Do Manh Cuong, a representative from the Ministry of Health’s (MoH) Health Environment Management Agency, said that WHO considers air pollution “a silent killer”, one of the major causes behind a high rate of mortality in Vietnam. “WHO figures show that six out of the 10 diseases with the highest mortality rates in Vietnam are related to air pollution,” Cuong said.

Air pollution is mainly found in the Red River delta, the Ho Chi Minh City area, and the upper reaches of the Mekong Delta, where industrial production and construction activities are surging.

Le Viet Phu, an economic expert from Fulbright University Vietnam, also said that total economic losses due to early deaths caused by air pollution were 5-7 per cent of Vietnam’s GDP or $11.4-15.9 billion last year, when at least 40,000 people died of diseases related to air pollution.

“The number of deaths caused by air pollution is four times higher than of those caused by traffic accidents, which is about 11,000 per year. It is expected that the annual number of deaths due to air pollution will rise to over 100,000 by 2035,” Phu said.

In another report on Vietnam’s air quality, MoNRE stated that Vietnam’s urban areas have many different types of pollutants far exceeding permissible limits, causing health problems for people nationwide, especially in big cities like Hanoi and Ho Chi Minh City.

Over 4,200 in every 100,000 people suffer from bronchitis, while 6,900 in every 100,000 complain of throat diseases, the report stated.

In Ho Chi Minh City, the percentage of people suffering from tuberculosis due to air pollution topped the country at 0.18 per cent, followed by the provinces of Bac Giang and Quang Ninh (nearly 0.15 per cent each), Ninh Thuan (0.14 per cent), Dong Nai (0.13 per cent), and Haiphong (over 0.12 per cent). MoH figures also show that every year, tens of thousands of people in Vietnam suffer from diseases related to air pollution. About 4 per cent (3.76 million people) suffer from respiratory diseases. Those living in big cities like Hanoi, Haiphong, Ho Chi Minh City, and Dong Nai are much more prone to suffering from these diseases than people living in other localities.

Lack of effective measures

Grave air pollution in urban areas, especially Hanoi, is due to many factors, including a rise in construction works; heavy industries including cement, steel, and coal; an increase in car and motorcycle use; and agriculture burning by farmers, GreenID said.
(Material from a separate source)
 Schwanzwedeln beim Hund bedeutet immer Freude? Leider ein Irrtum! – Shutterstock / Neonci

GreenID underlined that Vietnam lacks regulations on air quality as well as public awareness of the issue and of effective solutions to minimise the effects – such as home air purifiers.
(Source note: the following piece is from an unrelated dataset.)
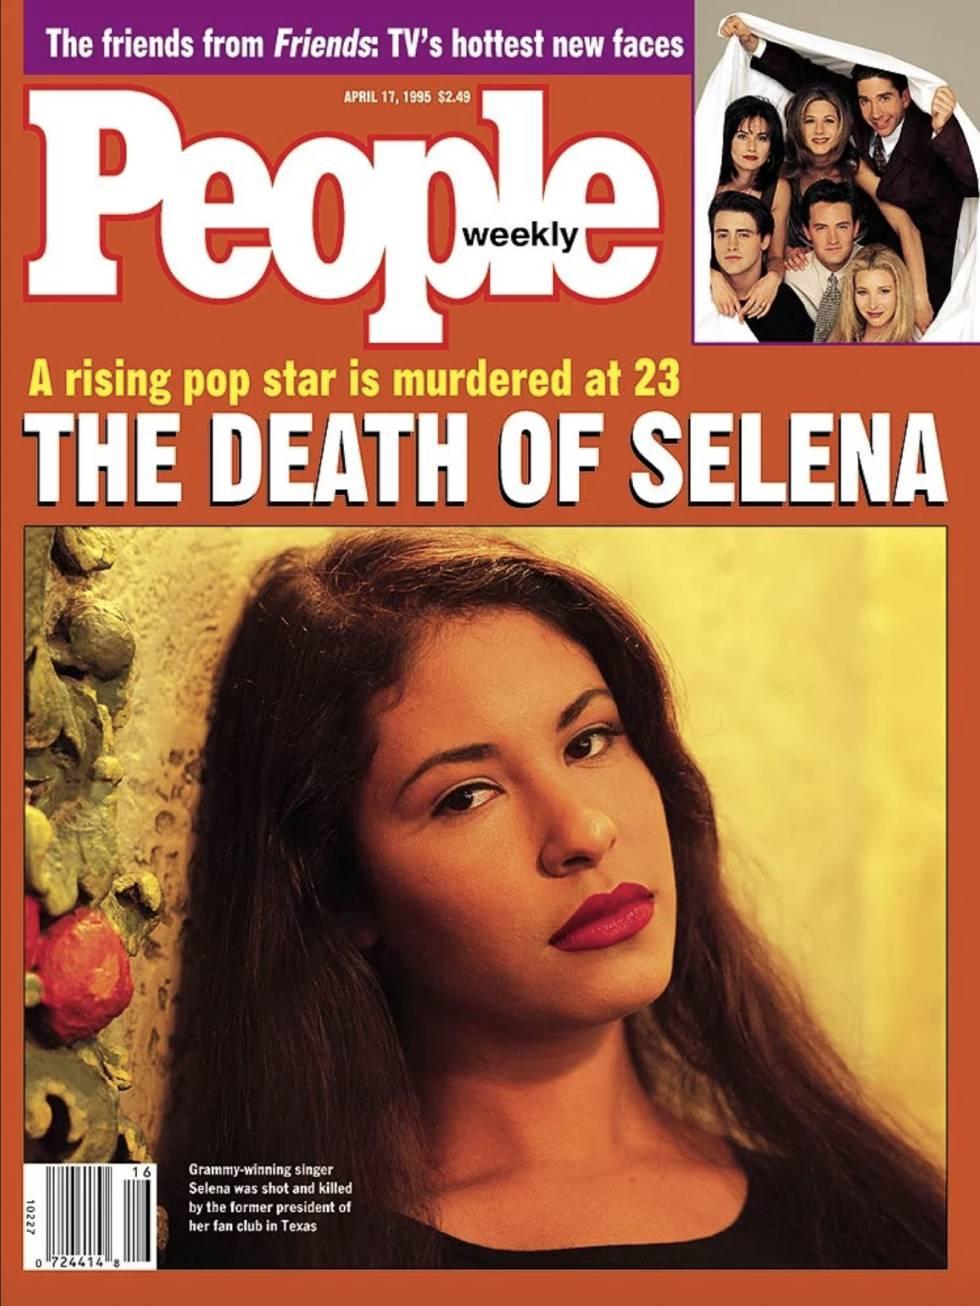 Tras el fallecimiento de Selena Quintanilla, la revista People, uno de los semanarios más influyentes de Estados Unidos, le dedicó su portada y confirmó que su figura había trascendido el mercado latino para convertirse en un icono de la cultura popular de los noventa.

The GreenID survey showed that despite the threat of pollution, many people remain unaware of basic air-related knowledge. Specifically, 43.1 per cent of respondents didn’t know about the air quality index (AQI), and only 12 per cent regularly monitor the AQI.

AQI is a standard value that translates the concentration of key air pollutants into many levels of health concerns. The higher the AQI value, the greater the level of pollution and the resulting impacts on health.
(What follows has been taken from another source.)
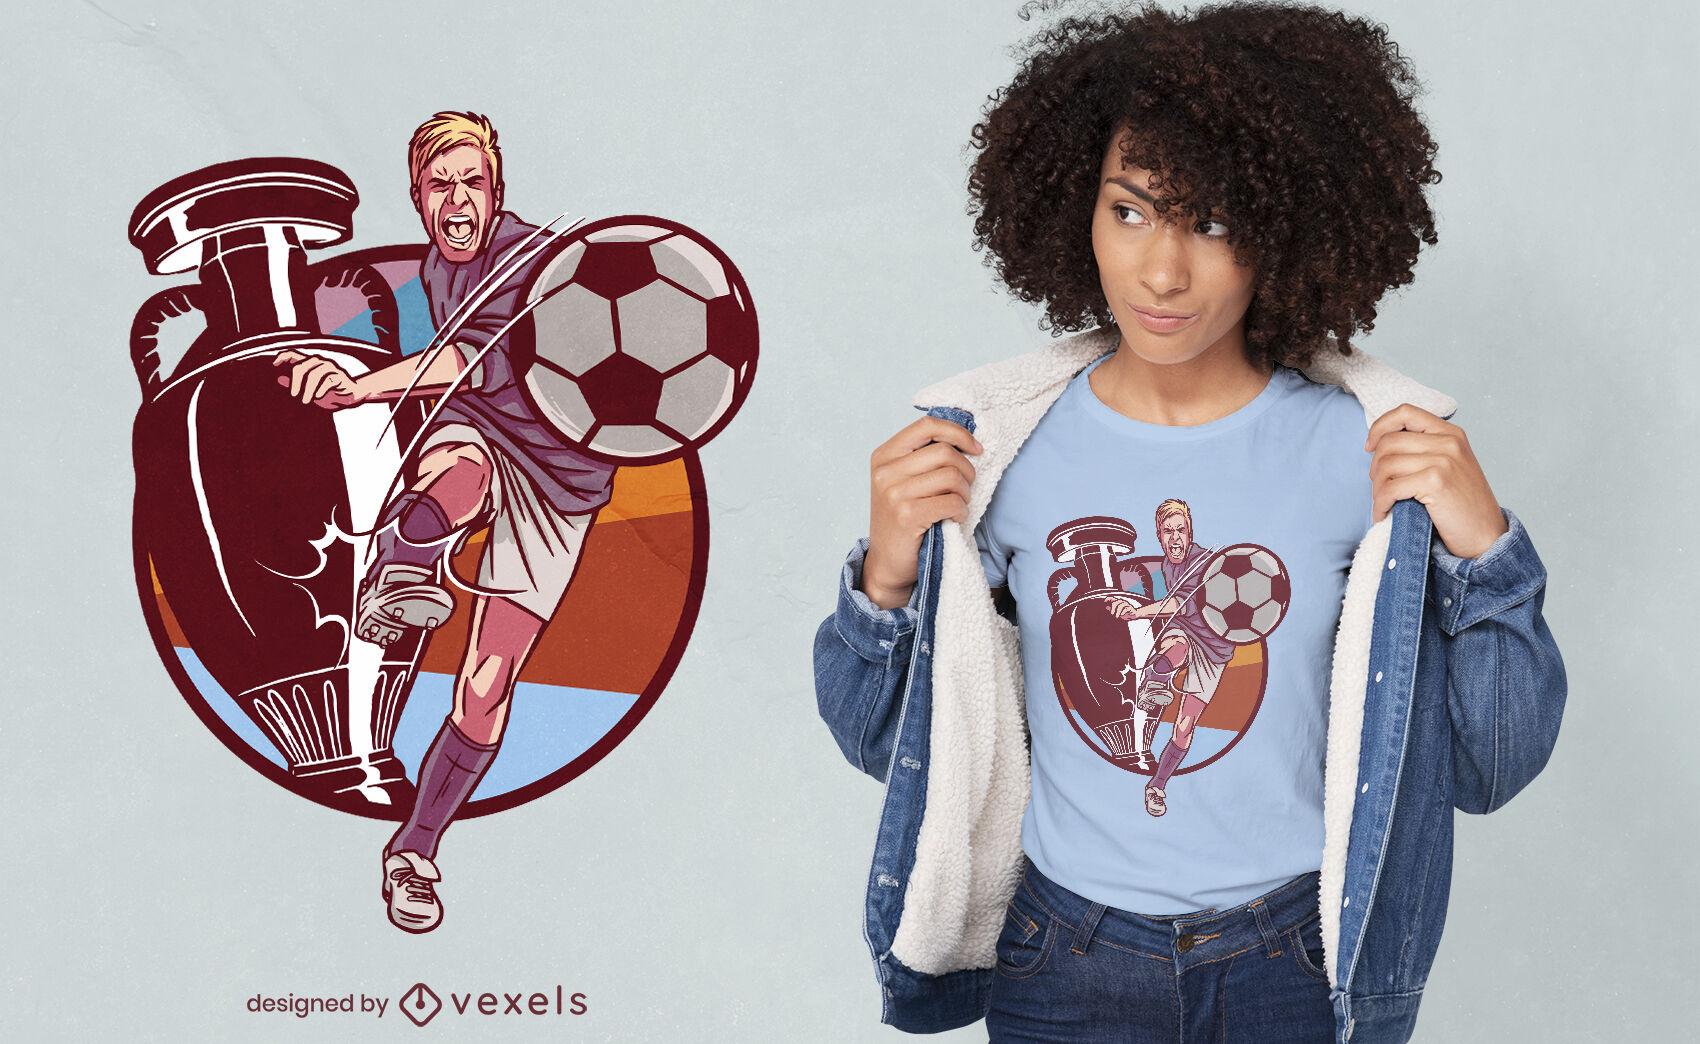 Diseño de camiseta de trofeo de jugador de fútbol deportivo.

But many patients like Chuc at the Central Hospital for Tuberculosis and Lung Diseases feel unfamiliar to AQI.

“I don’t know about it AQI. No one instructed me to protect myself from air pollution. My sole measure to protect myself is using masks,” Chuc said. “What I need the most now is to be able to breathe easier and stop my cough.”

In June 2016, Vietnam’s government launched a national action plan on controlling air quality until 2020 with a vision to 2025, planning to monitor emissions and improve air quality. The plan assigns lots of duties for ministries and agencies, while setting out many solutions to curb air pollution, such as green production, investment into new technology, installation of air monitoring stations, and limitation of the use of obsolete technologies in production.

However, while waiting for this plan to have tangible effects, hundreds of thousands of air pollution victims like Chuc in Vietnam still have to suffer, which has a heavy cost on their families – financially as well as emotionally.